Friday, July 10, 2009

NASA-ESA Mars Exploration Joint Initiative

NASA and the European Space Agency (ESA) have agreed to establish a road map for future Mars missions.

The plan, known as the Mars Exploration Joint Initiative (MEJI), will serve to define a string of lander and orbiter flights to Mars in 2016, 2018 and 2020 that would ultimately lead to a sample return mission in the ensuing decade. The agencies also established a joint architecture review team to determine the most viable joint mission architectures for the initiative. The team's findings will be submitted for review to ESA member states and the U.S. National Academy of Sciences.

The moves were agreed upon by ESA science chief David Southwood and NASA Associate Administrator for Science Ed Weiler at a bilateral meeting in Plymouth, England June 29-30.

In addition to ESA's ExoMars project, nominally set for 2016, missions will include astrobiological, geological and other high-priority investigations that could pave the way for sample return, including perhaps a network of fixed geophysics stations originally intended for ExoMars (Aerospace DAILY, March 11).

The MEJI plan was motivated by the need to redefine ExoMars and descope its science package, because of lower than expected budget resources within ESA, and to reassess NASA's Mars exploration plans following a delay in the Mars Science Laboratory from 2009 to 2011 (Aerospace DAILY, Dec. 5, 2008).

Among the first tasks of the team will be to finalize NASA's role in ExoMars. The U.S. agency is studying supply of the launch, with an Atlas V and a telecom orbiter. One of the issues to be resolved, NASA engineers say, is whether the orbiter, which also would carry a science package, would be able to accommodate the large lander planned for ExoMars.

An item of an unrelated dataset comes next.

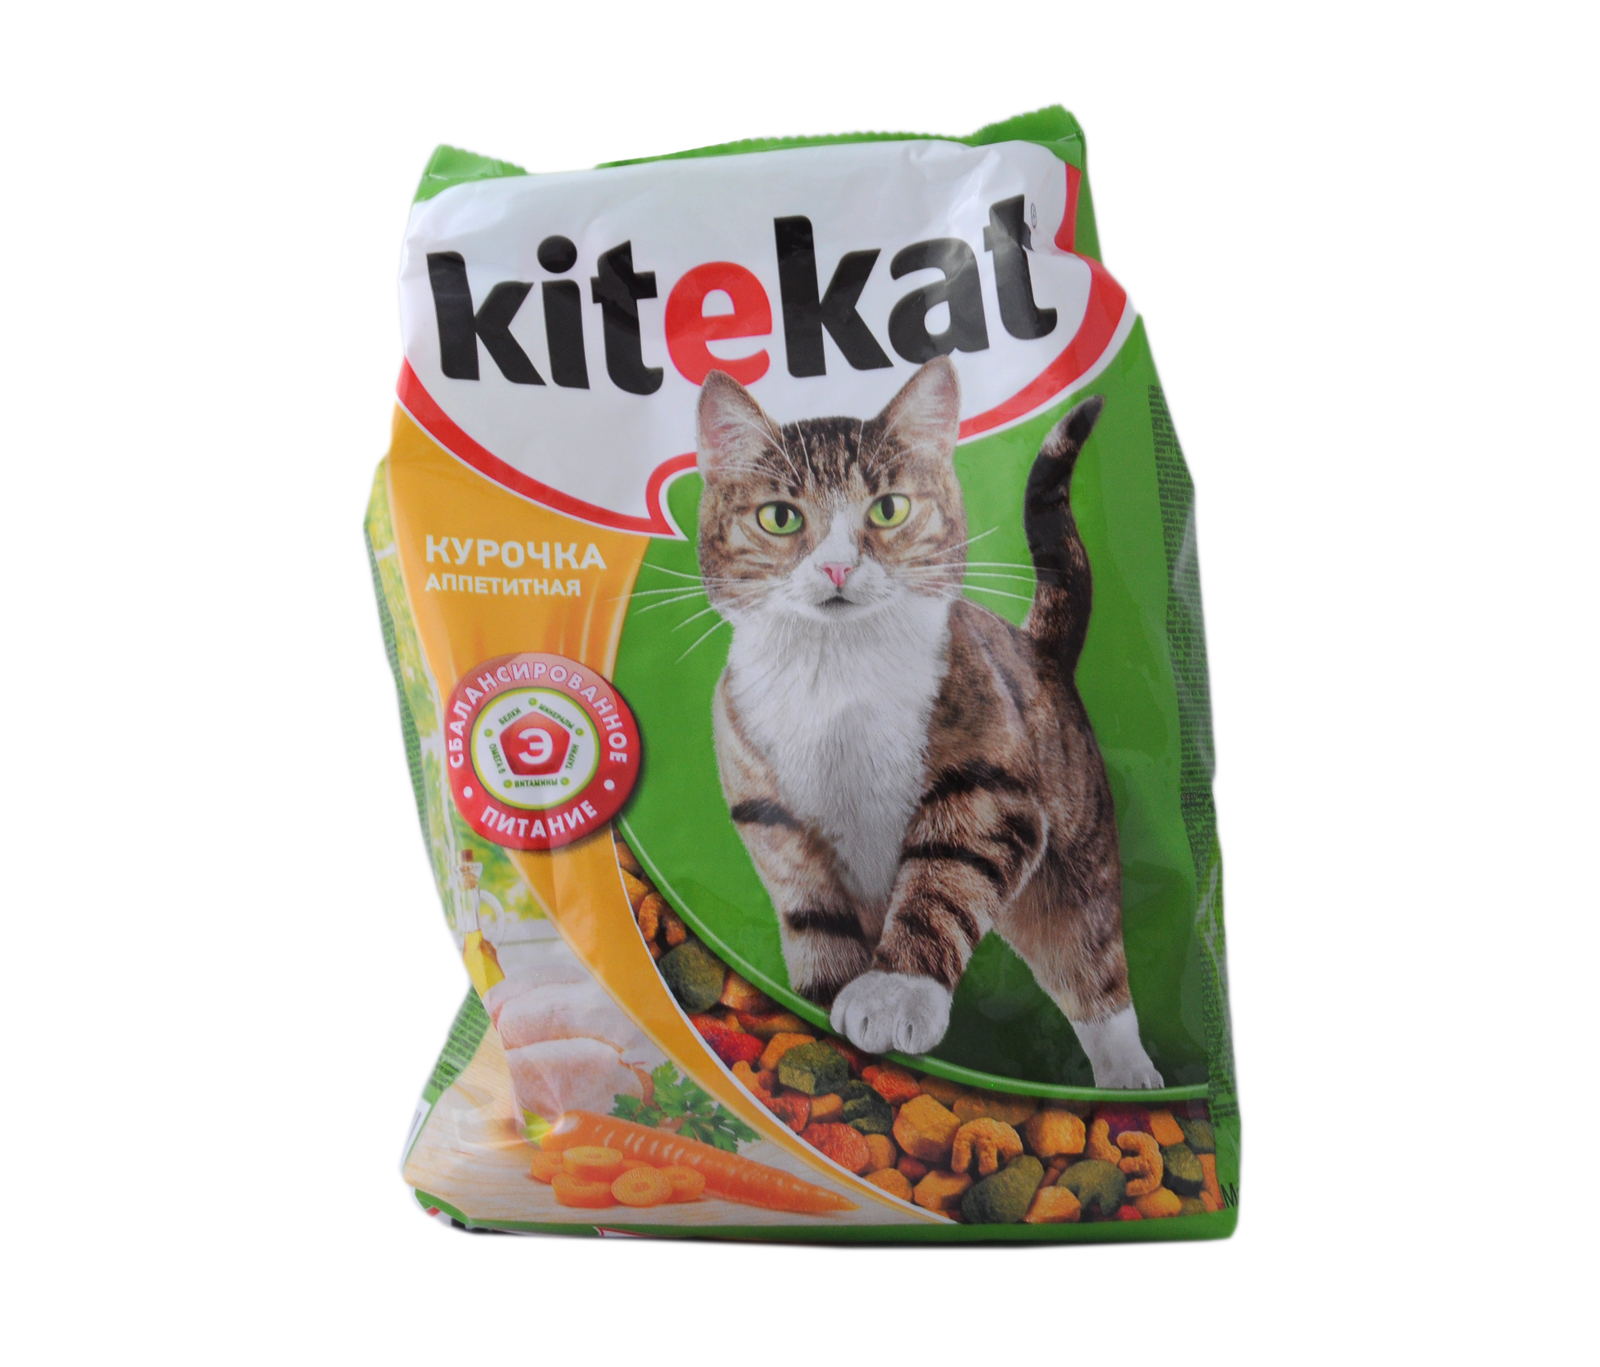 kitekat cat food

ESA has already worked out a framework agreement with the Russian Space Agency that would allow it to cooperate on ExoMars, including provision of backup launch services and a payload contribution, along with mission support.


hrm.

I whole heartedly support the different space agencies contributions to each other's mars missions. Cross pollination is a good thing. However, the idea that we ought to unify the missions into one Mars program leaves a bad taste in my mouth. International programs tend to be much more expensive. I need to find Paul Adam's old smn post about which countries to include in projects because its turned out to be oh-so-true.